Source: http://davideharrington.com/?p=594
Nearly everything we buy nowadays is electronically scanned to ensure that we paid for the items in our bags—and under our coats. Stores began using sensor tags and security screens in the early 1970s. According to the New York Times, the market for anti-theft systems grew rapidly because they were viewed as “more reliable and less expensive” than having employees watch customers.
Students are being scanned as well to make sure that the words in their papers were not swiped from other sources. Scanning papers began a decade ago when anti-plagiarism software was created to compare the phrases of student papers with other sources. The leading anti-plagiarism software is Turnitin, which compares student papers with academic journals, Internet web pages and its library of previously submitted papers. On its home page, Turnitin quotes an instructor as saying, “I used to spend hours on Google searching for unusual wording when I suspected that the paper was not written by the student. Now, I can search quickly with Turnitin!”
Scanning store customers and student papers are touted as substitutes for labor, so that clerks and instructors can spend less time guarding against thievery and more time doing what they do best, serving customers and teaching students. Sounds great; sounds efficient; sounds easy!
In the years before sensor tags and security screens, the battle against shoplifters was waged with security guards and convex mirrors. An expert on store security—quoted in Shoplifting: A Social History—argues that hiring security guards may have actually increased shoplifting because other employees were likely to think, “Pete is here, so I don’t have to watch out for shoplifters.”

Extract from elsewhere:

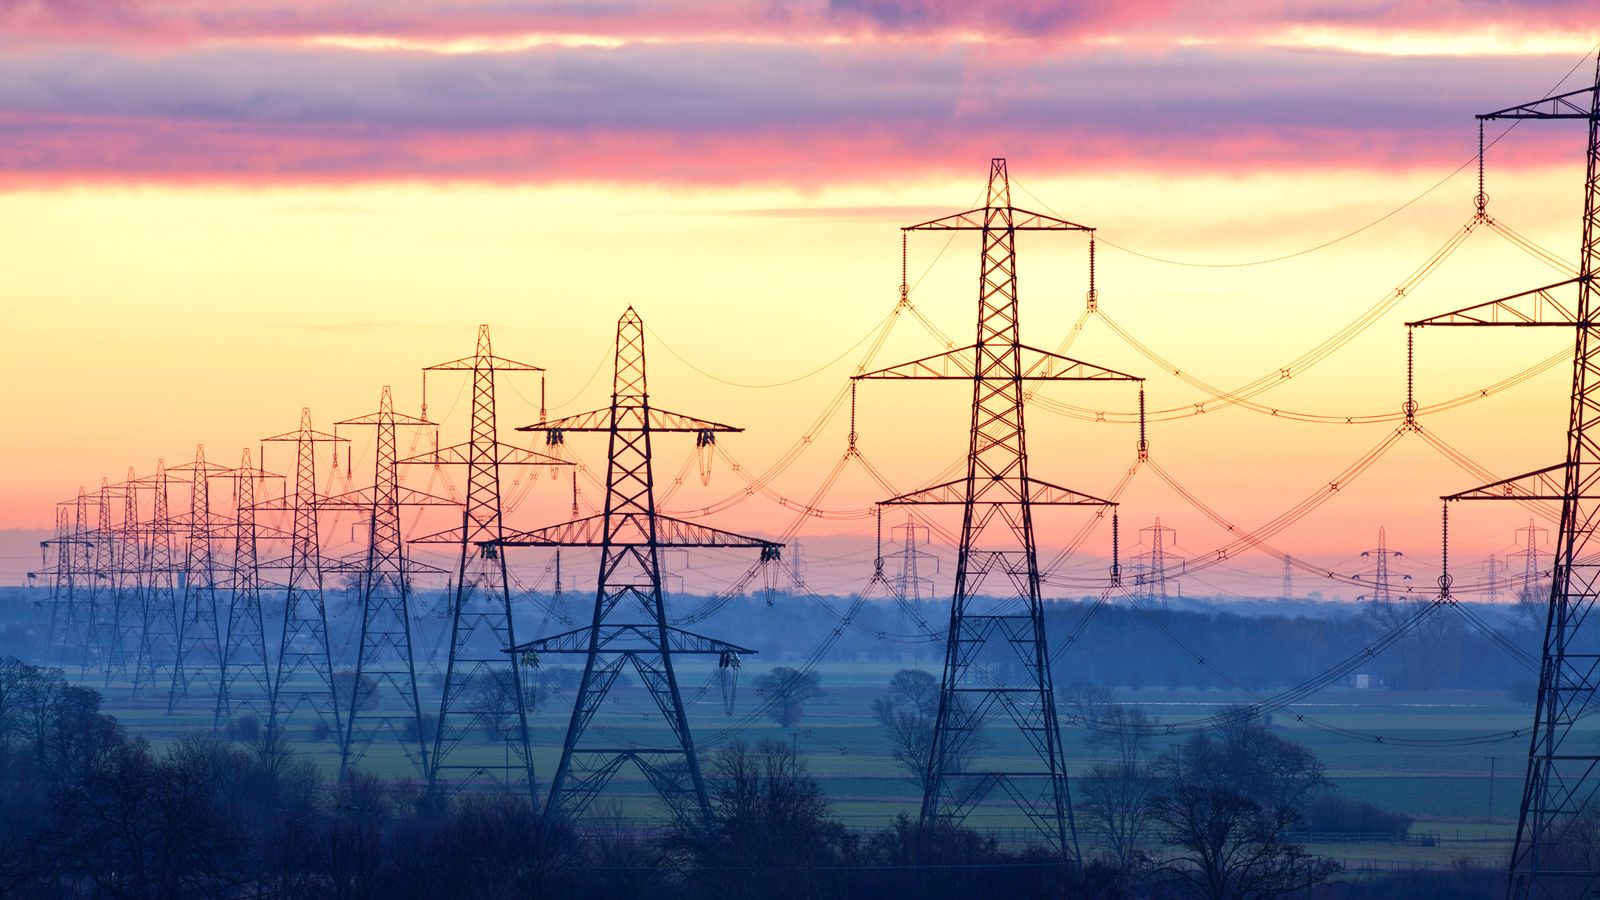 National Grid's 'transformational' pivot to electricity targets net
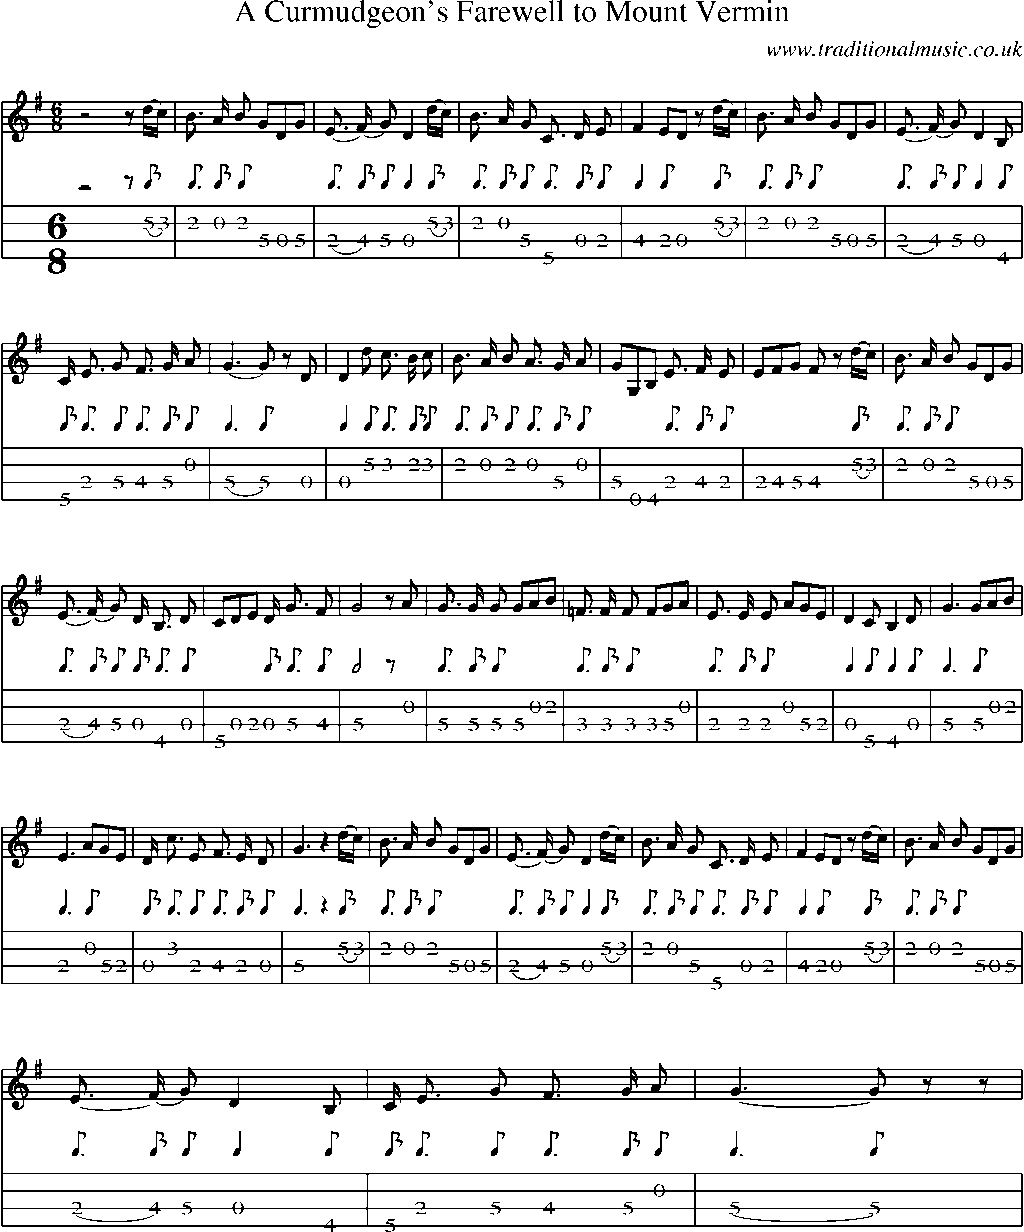 Mandolin Tab and Sheet Music for A Curmudgeon's Farewell To Mount Vermin

Today, store clerks may think, “our stuff is tagged, so I don’t have to watch out for shoplifters.” Indeed, stores have begun to question whether the substitution of security systems for labor has gone too far, reenlisting labor by having employees greet customers. On a recent shopping trip, my daughter Emma and I were greeted by a handsome teenager at Abercrombie, a well-dressed woman at J. Crew and an elderly guy at Wal-Mart. Sure, the first two were modeling clothes. (I hope the last guy wasn’t modeling them for me!) But, their real job is to make eye contact with customers to deter shoplifters.
Similarly, teachers might think, “I’m using Turnitin, so I don’t have to watch out for plagiarists.” The instructor quoted on Turnitin’s website certainly thinks so, implicitly arguing that Turnitin is a perfect substitute for her own investigations using Google. Not surprisingly, Turnitin encourages this belief. On its website—right next to her quote—Turnitin advertises that it has crawled and indexed “14+ billion web pages.” Choosing between Turnitin and instructor investigations seems like a no-brainer.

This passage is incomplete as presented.